Ираклий встал, прислонил копье к стене, вытер вспотевшие ладони о брюки и повторил:
— Чуть-чуть не считается...
— Чего же ты не сожжешь вашу машину,— засмеялась Гулико,— ту, что у вас в гараже заперта, небось близко к ней не подходишь, трусишь, а со мной ишь какой смелый!
— Ладно, а почему ты хотела сжечь машину? — спросил Ираклий.
— Потому что я собиралась в Москву, а он не пустил. И зачем только построили эту проклятую дачу — море полезно для здоровья!
— Почему же ты не сожгла?
— Ты серьезно?
— Вполне.
— Не знаю... А как я могла сжечь?
Лили подняла с полу маску:
— Мне идет?
— Очень,— ответил Ладо,— наконец ты похожа на человека!
— Подари,— повернулась Лили к Ираклию.
— Дарю.
— Дай-ка мне,— Гулико надела маску,— со мной-то он храбрый, ничего не боится, а к папочкиной машине близко не подходит, замок на гараже облизывает...
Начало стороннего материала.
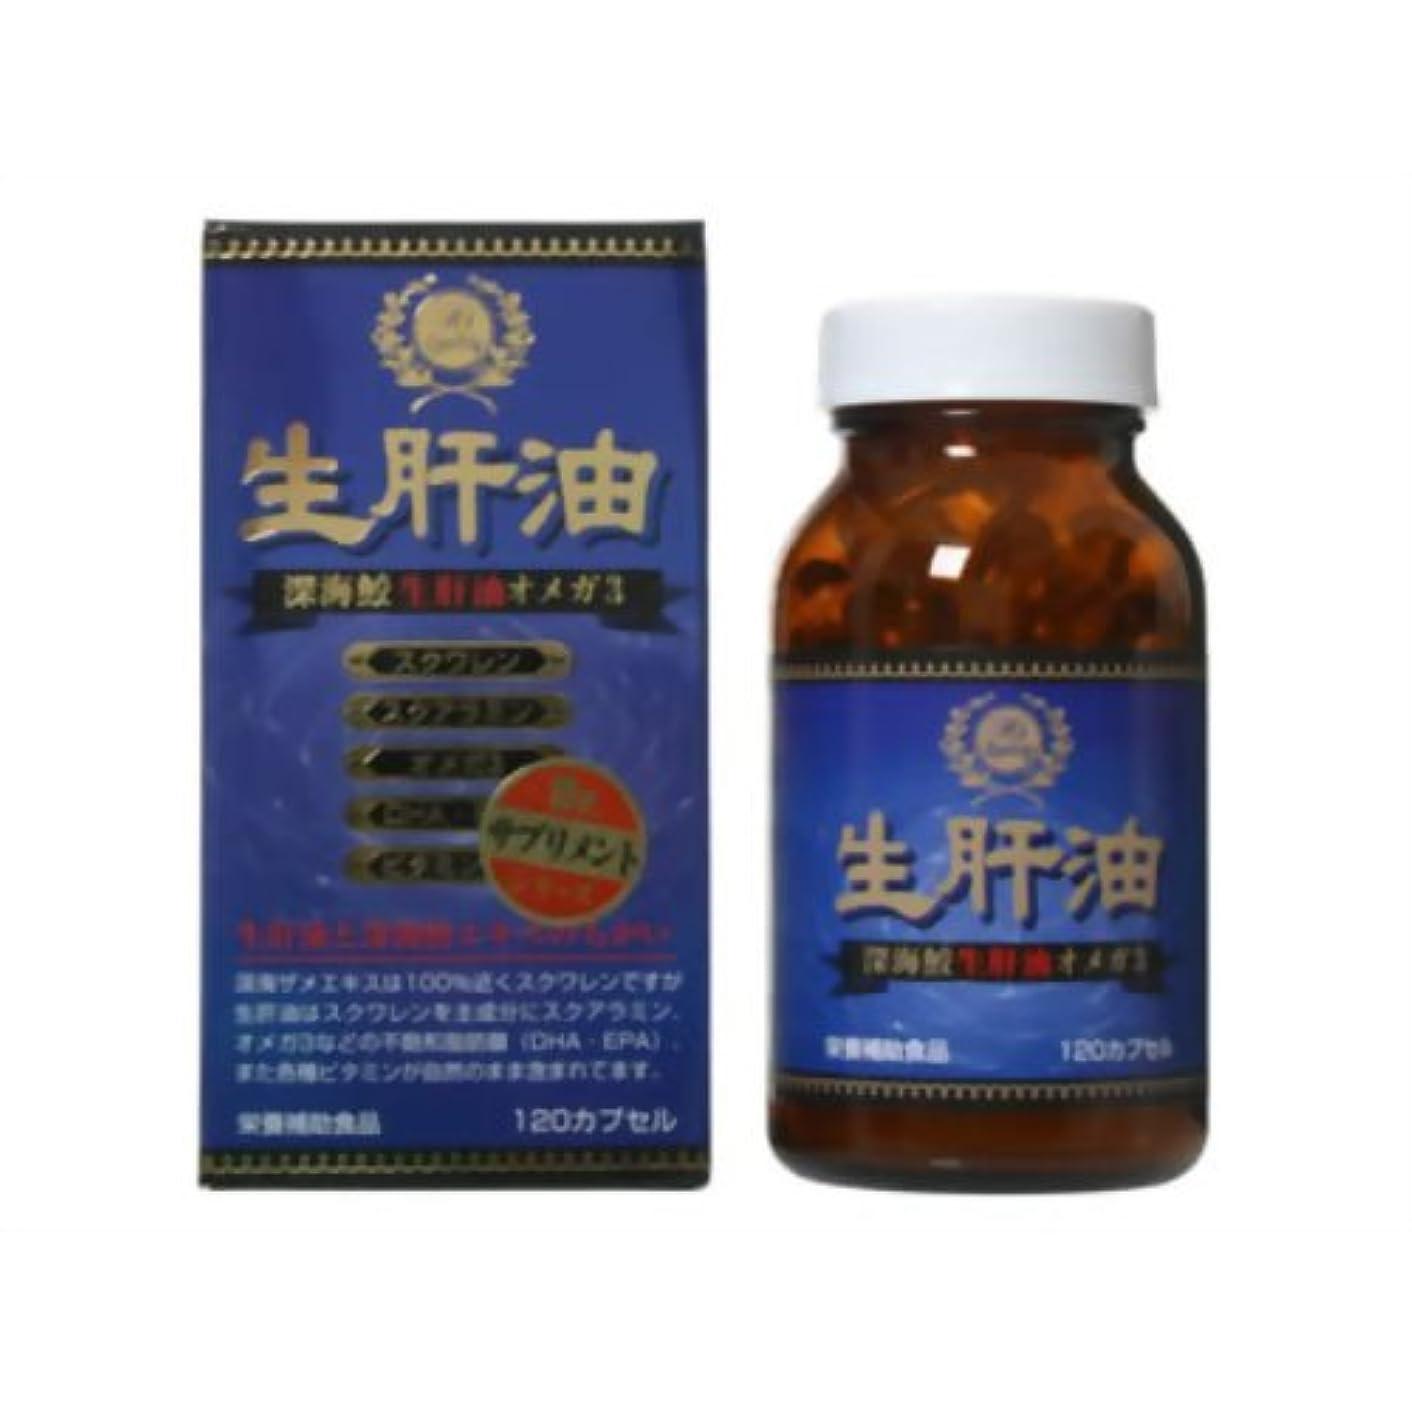 現実的補助金セラー生肝油 オメガ3 120カプセル

— А ну, встань,— Ираклий потянул Гулико за руку,— иди за мной!
— Куда?
— Иди, говорю.
— Погоди,— Гулико сняла маску и отдала Лили.— Идиотство, дышать нечем.
— Она думала, это противогаз,— засмеялся Ладо.
— Выйду в ней на эстраду,— Лили ласково погладила маску.
— Все спускайтесь во двор. Я сейчас приду,— распорядился Ираклий.
— А как ты будешь петь в маске? — спросил Ладо.
Лили надела маску и запела:
— Прекрасно буду петь.
— Меня, наверно, в кино будут снимать,— сказала Гулико.
— Я сказал, идите во двор.
— В кино играть нетрудно.
— Совсем нетрудно,— поддержала Лили.
— Главное, быть красивой и фотогеничной.
— Подумаешь, в кино каждый сыграет,— Гулико направилась к выходу.— Пошли, уже поздно,— вдруг она остановилась и повернулась к Ладо,— ты что, издеваешься надо мной?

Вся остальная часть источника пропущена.